Walking nearly six miles along a dirt road, the girl arrived at a truck stop in the small farming town of Plymouth, grabbed a pay phone, and dialed 911.
It was an enormous step for the girl: Leaving the marriage bed of her uncle also meant giving up all the friends and loved ones with whom she was raised.
"I didn't want to live the lifestyle they did, but I didn't know how to do that and not lose my family and all my friends," said the girl, now 17 and living in foster care.
Prosecutors downplayed the polygamy aspect of the cases that followed against John Daniel and his brother, not charging either for the illegal practice and seldom mentioning it in court proceedings.
But because of who the accused were, and because of what they represented -- and because this state is so tightly bound with the history of the Mormon Church -- the charges struck a nerve with state leaders, particularly as they prepared to welcome the world to the 2002 Winter Olympics.
Gov. Mike Leavitt, a great-grandson of a polygamist, made global headlines and sparked a firestorm of criticism when he suggested -- wrongly, he admitted later -- that plural marriage may enjoy the First Amendment's religious protection.
And Atty. Gen. Jan Graham promised vigorous investigation of crimes within polygamous communities -- but not the practice itself.
The public glare even caused other polygamous leaders to make rare appeals to defend their practice.
"We believe in free agency," Owen Allred, the 84-year-old leader of the 5,000-member Apostolic United Brethren, told The Salt Lake Tribune at the time. "If my daughter doesn't want to stay in the group, she has free will. She has the right to do what she chooses."
The Kingston Clan girl's charges came on the heels of a Tribune investigation detailing the excessive reliance on welfare by polygamist families in Hildale and Colorado City, where virtually all private land is owned by a polygamous church called the Fundamentalist Church of Jesus Christ Latter Day Saints.
But by January the subject that was on everybody's lips six months before had virtually vanished -- largely overshadowed by the Olympic bribery scandal.

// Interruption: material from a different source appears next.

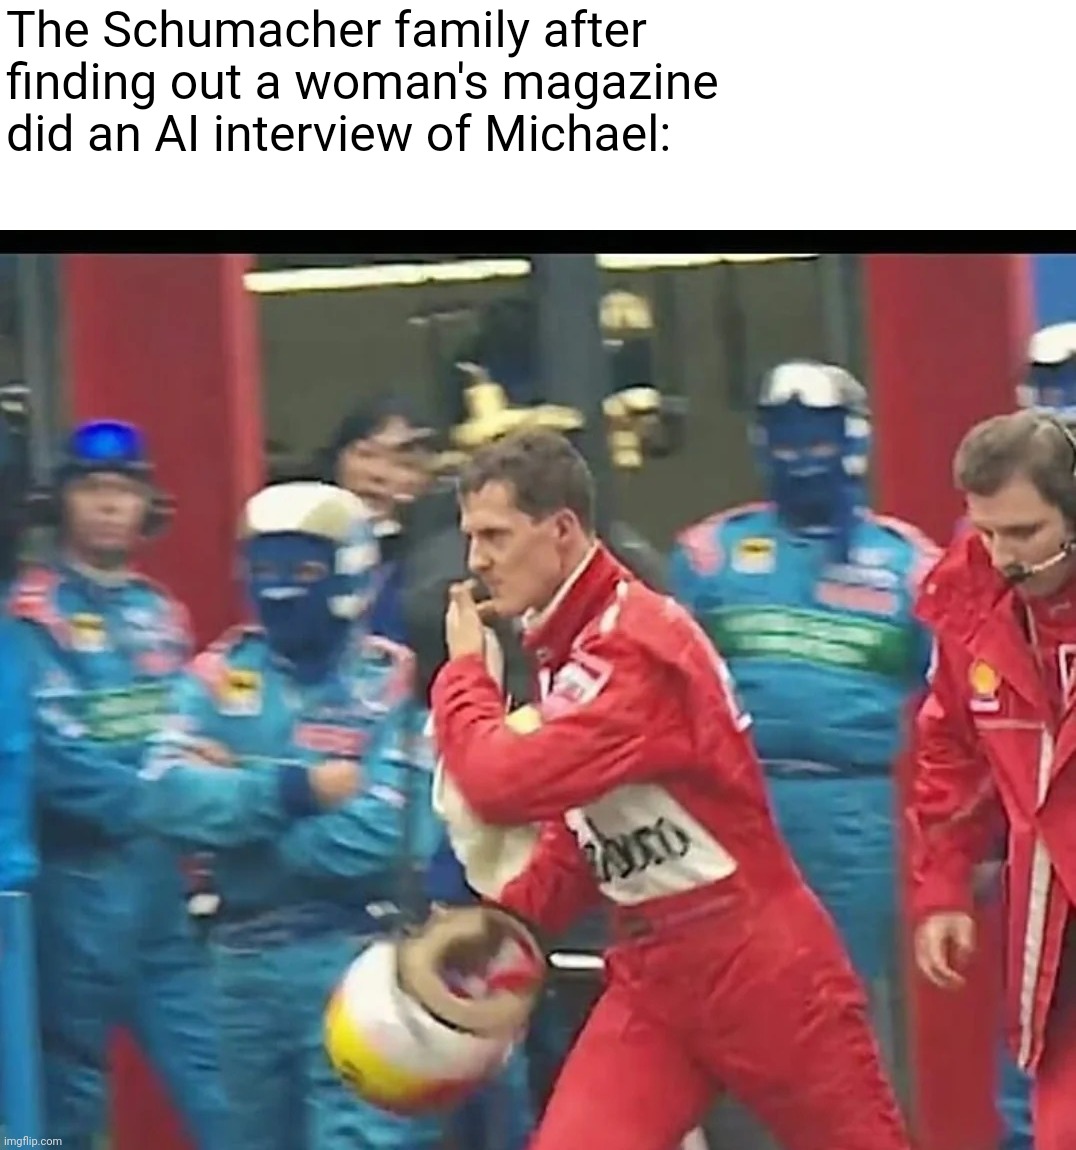 The Schumacher family after finding out a woman's magazine did an AI interview of Michael: | image tagged in formula 1,magazines,michael,family | made w/ Imgflip meme maker

Even at the height of the attention, Senate President Lane Beattie, R-West Bountiful, said legislators never thought polygamy was a big deal. They proved that when they turned down a bill that would have given the AG's office $750,000 to investigate abuses within closed societies.
Interest in the Kingstons continues, though with decreasing fervor. In the last 14 months, the group has suffered intense scrutiny from the media -- and to a much lesser extent from state investigators -- for everything from the way they run their multi-million dollar business empire, where finances are intertwined with their tax-exempt church, to the squalid conditions in which some of them raise their children.
The group has remained silent, politely turning down repeated requests for interviews. But they have felt the impact. David Ortell's defense attorney said the 33-year-old accountant and his family have received death threats and had fires set to their front lawn and a van.
Tapestry has continued its anti-polygamy movement despite worries that it could drive practitioners deeper into seclusion, making them harder to investigate.
Tapestry also risks public backlash, the same kind that turned popular sentiment after the Short Creek raid of 1953. "We've already been called a witchhunt," said Tapestry executive director Carmen Thompson.
After all, many polygamous homes offer nurturing, caring environments for women and children, according to Utah anthropologist Janet Bennion.
Bennion, who spent parts of five years living with Allred communities in Salt Lake Valley and Pinesdale, Mont., told The Tribune she witnessed little of what detractors claim is widespread abuse of women and children.
But Tapestry members discount Bennion's findings and say they're willing to accept any risks that come with their fight.
"Getting rid of abuse may appear to some to be a witchhunt," Thompson said, "but this is a crime, and we're not going to stop until polygamy is stopped."